Overall, the 31 human samples were assigned to 22 STs belonging to 11 CCs; among them, two clonal complexes have not been assigned to the international database yet. By means of the two techniques employed here and as shown in Figure 1, only 3 out of 31 cases were truly traceable back to the two cases linked to raw milk from vending machines, to chicken meat and one human case linked to raw milk.
The Simpson’s index and the confidence intervals for PFGE (0.949, 95% CI = 0.920–0.979) were higher than for MLST (0.897, 95% CI = 0.834–0.962), p = 0.044. PFGE is a more discriminatory typing method than MLST; however, when comparing the 95% confidence intervals, it is noteworthy that they overlap. Therefore, we cannot exclude the hypothesis that both methods have similar discriminatory power (at the 95% confidence level).

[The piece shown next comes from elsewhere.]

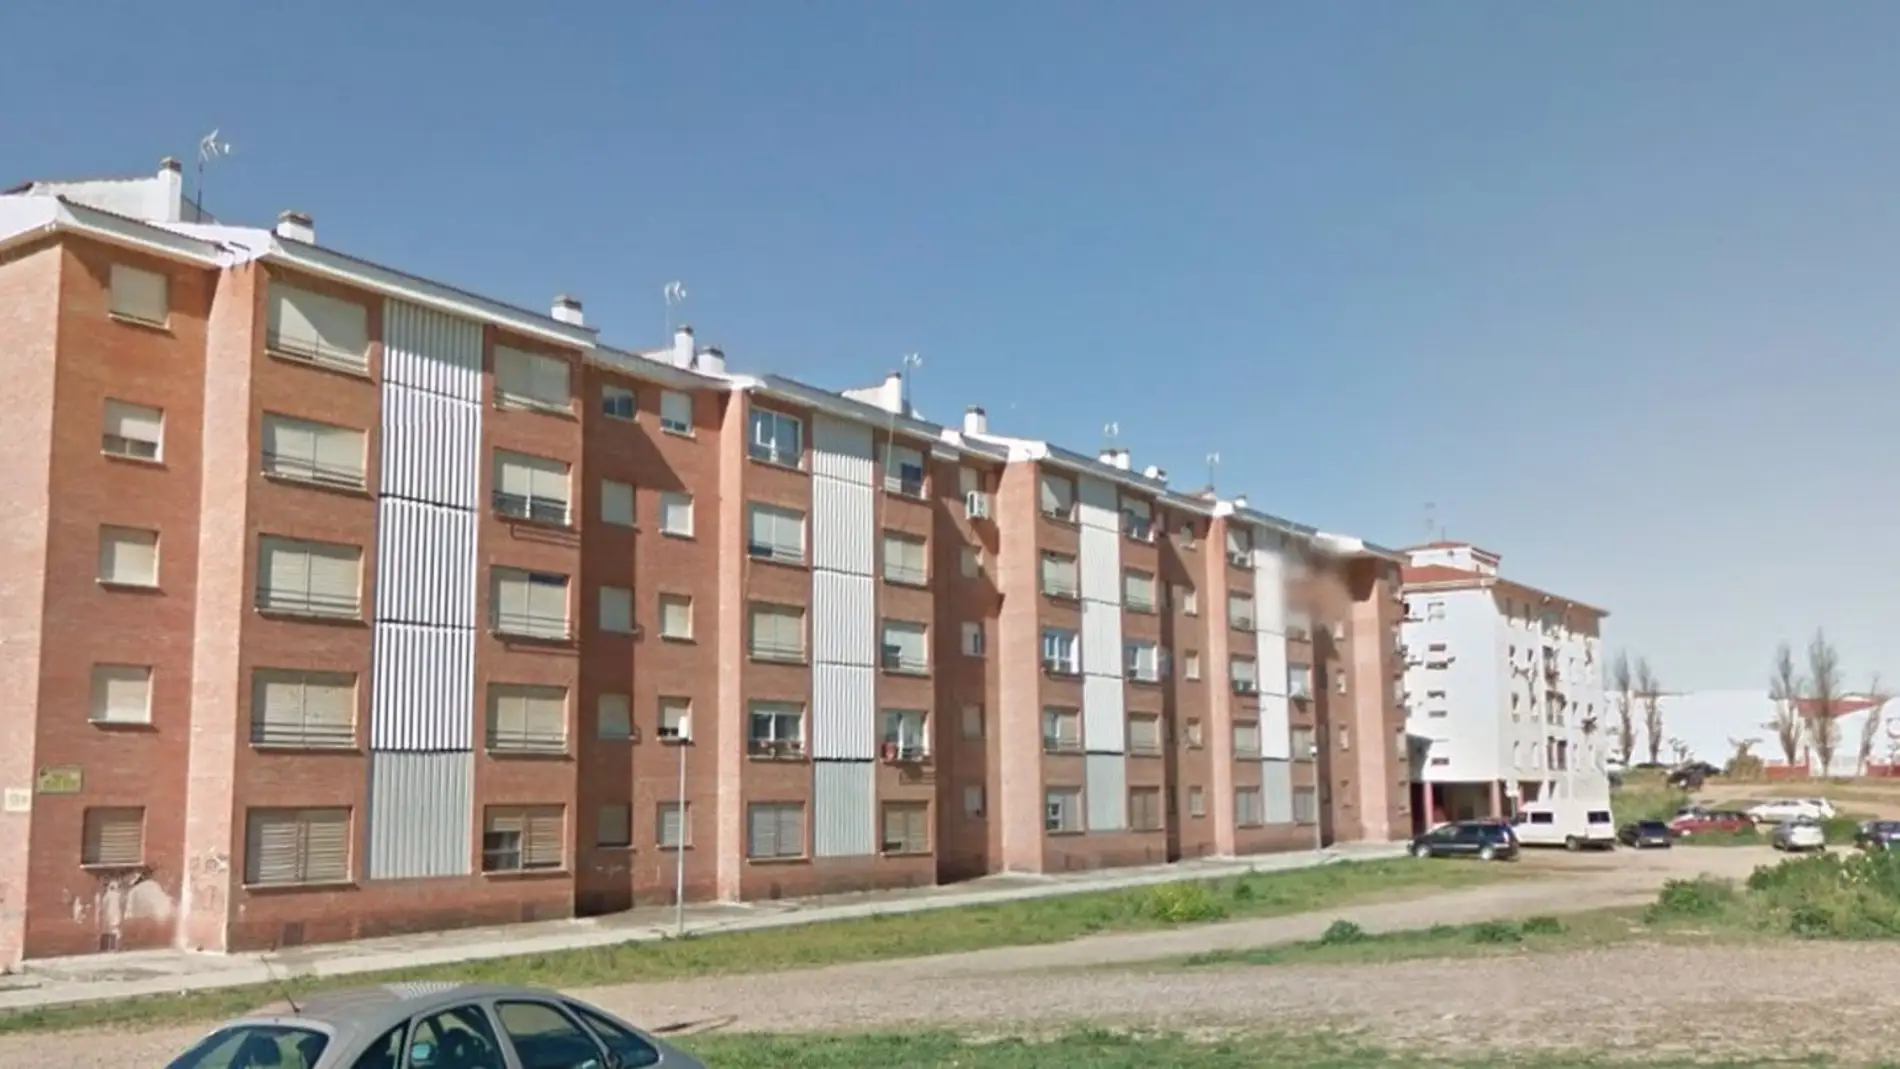 La Junta pondrá a disposición del alquiler social 40 viviendas en Badajoz tras realizar su rehabilitación energética

The concordance of the methods based on the calculation of the adjusted Rand coefficient and 95% CI shows a concordance between MLST and PFGE of 0.32 (95% CI = 0.209–0.437). The concordance based on the Wallace coefficient was also higher for the PFGE–MLST combination (Wallace = 0.505, 95% CI = 0.290–0.714), with respect to the MLST–PFGE combination (Wallace = 0.236, 95% CI = 0.120–0.343), p = 0.019.
The attribution analysis revealed that 69.75% of the human cases were predominantly related to chicken (Figure 3). Interestingly, only two human cases belonging to CC1332 were predominantly related to wild bird (62.42%, Figure 3). In the asymmetric island model, most human cases (69.7%) were attributed to the chicken reservoir (95% CI 47.6–87.5%). Cattle were the second most probable source reservoir (8.2%, 95% CI 0–25.6%) followed by wild birds (7.3% CI 0–19.9%), the environment (6.2% CI 0–22%), small ruminants (5.3% CI 0–17.8%) and pork (2.9% CI 0–10.7%). Although there was a large credibility interval for the chicken source, the model gave the most probable source at a probability of 99.8%.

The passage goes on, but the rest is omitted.